22/10/2021
Patricia Álvares (Agência Fiocruz de Notícias)
Quando a Fiocruz se uniu à pequena cúpula de países anfitriões das Comunidade Global sobre Tecnologia e Inovação Sustentáveis (G-STIC, na sigla em inglês), em 2018, o mundo não conhecia o Sars-CoV-2. Agora, enquanto a população mundial se vacina contra a Covid-19, a quinta edição do encontro anual (quarta com a Fundação), aposta em um modelo híbrido de participação entre 24 e 26 de outubro. A programação inclui sessões virtuais e presenciais em busca de novas soluções tecnológicas a serviço da sociedade, amigáveis com o planeta e voltadas a nove dos 17 Objetivos de Desenvolvimento Sustentável (ODS) até 2030. Neste ano, a G-STIC integra ainda o cronograma da Expo Dubai, exposição mundial organizada pelo Gabinete Internacional de Exposições (BIE, na sigla em inglês).
“Há um antes e depois da Covid-19 na forma de pensar tecnologias”, diz Paulo Gadelha a caminho da G-STIC na ExpoDubai (foto: Divulgação)
Em entrevista à Agência Fiocruz de Notícias, o coordenador da Estratégia Fiocruz para a Agenda 2030 (EFA 2030), Paulo Gadelha, ressaltou a importância da iniciativa da qual a Fundação é coanfitriã. Às vésperas de embarcar para Dubai, o também ex-presidente da Fiocruz compartilhou as expectativas de trazer a G-STIC ao Brasil em 2022. Além de Gadelha, o pesquisador Pablo Quesado representa a Fiocruz no dia 26 com a palestra sobre organização dos cuidados para responder a calamidades, dentro da temática de gestão para hospitais do futuro.

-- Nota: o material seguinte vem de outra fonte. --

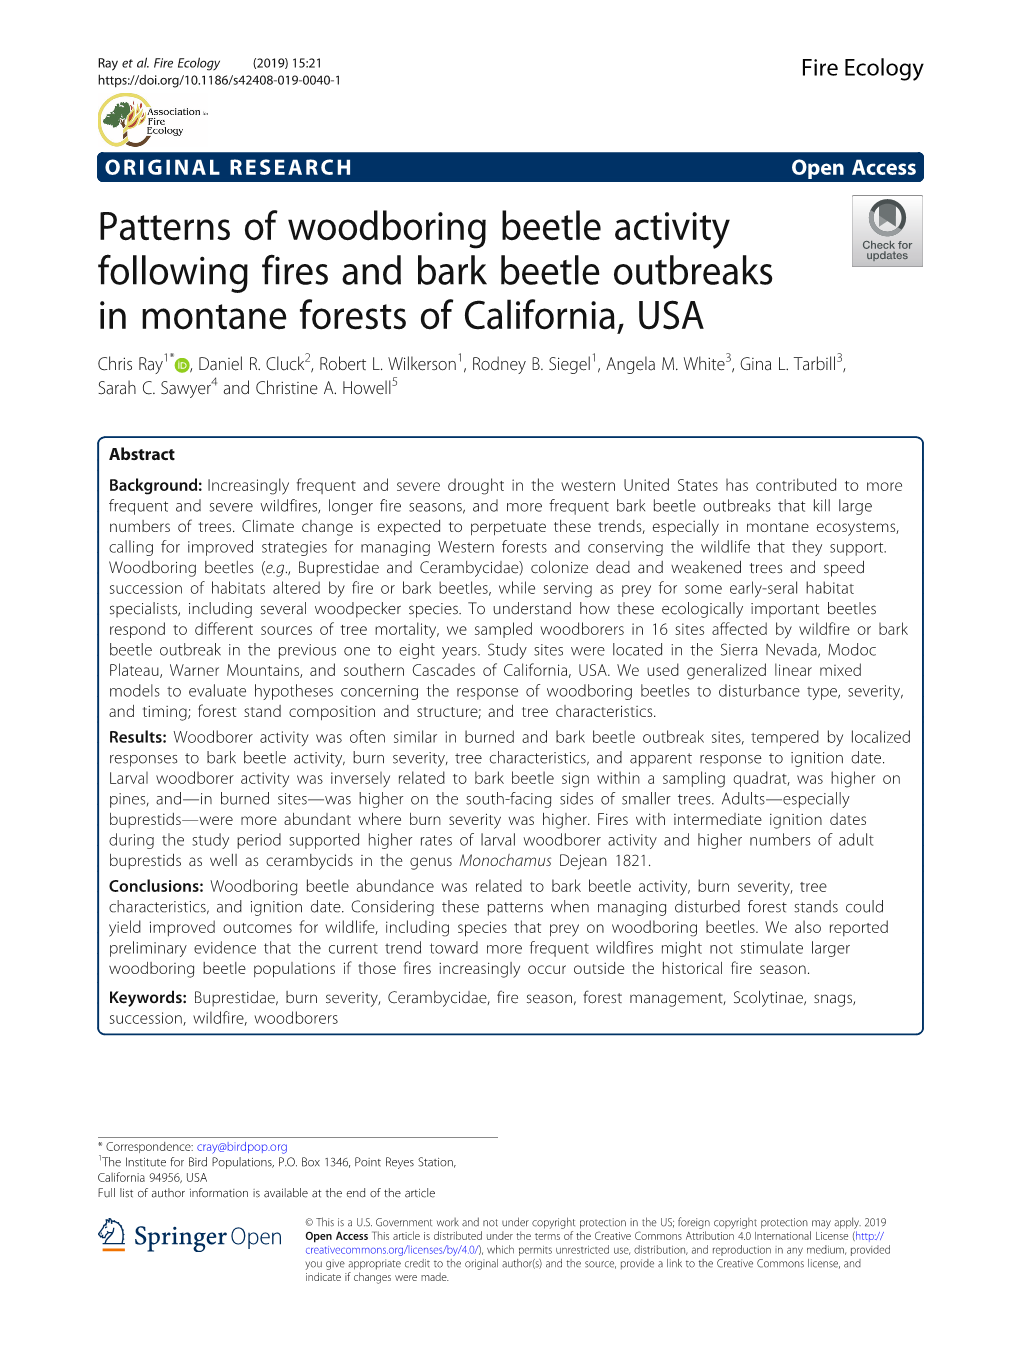 Patterns of Woodboring Beetle Activity Following Fires and Bark Beetle Outbreaks in Montane Forests of California, USA Chris Ray1* , Daniel R
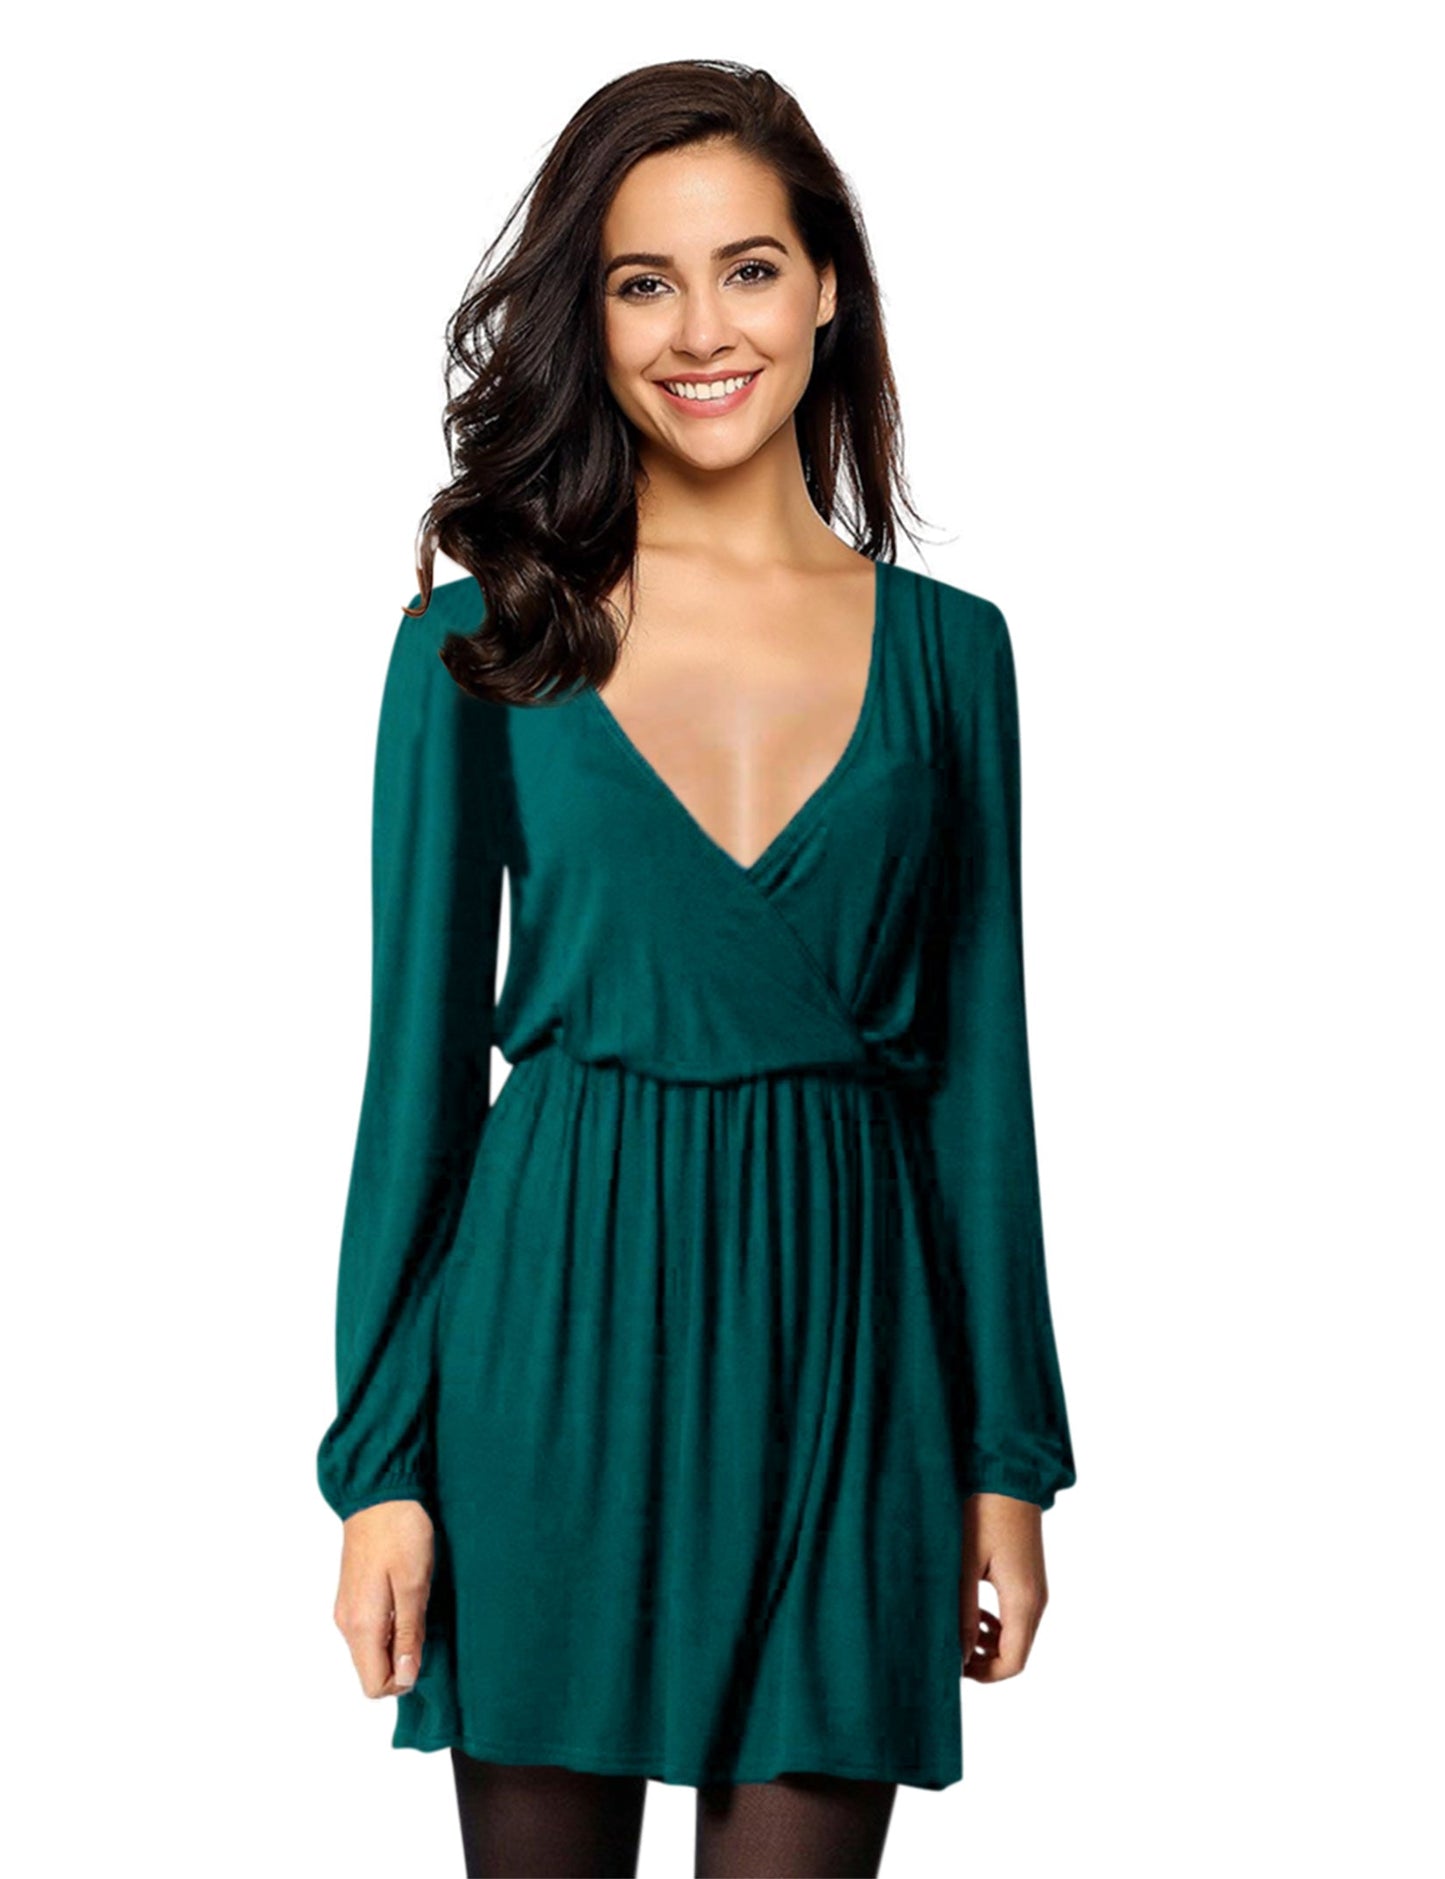 YESFASHION Women V-Neck A-Line Solid Plain Party Casual Mini Dress Blue Green

Embora naquele 2018 de estreia na G-STIC a própria Fundação e outras instituições de pesquisa no Brasil e no mundo já investigavam patógenos nocivos para prevenir eventuais pandemias, ninguém poderia precisar quando, onde e como, ou se, efetivamente, um contágio perigoso surgiria e sairia do controle. Em 2020, quando o coronavírus pegou o mundo de surpresa, a Fiocruz já havia implementado a saúde como eixo transversal ao desenvolvimento sustentável no contexto da G-STIC. Gadelha explica como a conferência global assumiu um papel central no contexto da pandemia.
AFN: O que é G-STIC?
Paulo Gadelha: A G-STIC está voltado para pensar o que a gente chama de tecnologias integradas para os Objetivos do Desenvolvimento Sustentável (ODS). Então, na verdade, busca entender quais são essas tecnologias que já estão no mercado ou muito próximas de entrar no mercado e seu impacto, a relação entre custo e benefício, a acessibilidade. Isso é um tema central, porque primeiro diz respeito ao direcionamento da tecnologia do campo da Ciência, Tecnologia & Inovação (CT&I) como um todo. E isso tem uma correlação muito forte com os princípios da Agenda 2030, configurados no Mecanismo de Facilitação Tecnológica da ONU (TFM, na sigla em inglês). Então, foi nesse momento após a elaboração do próprio documento base da Agenda 2030 que se colocou a relevância fundamental para os ODS.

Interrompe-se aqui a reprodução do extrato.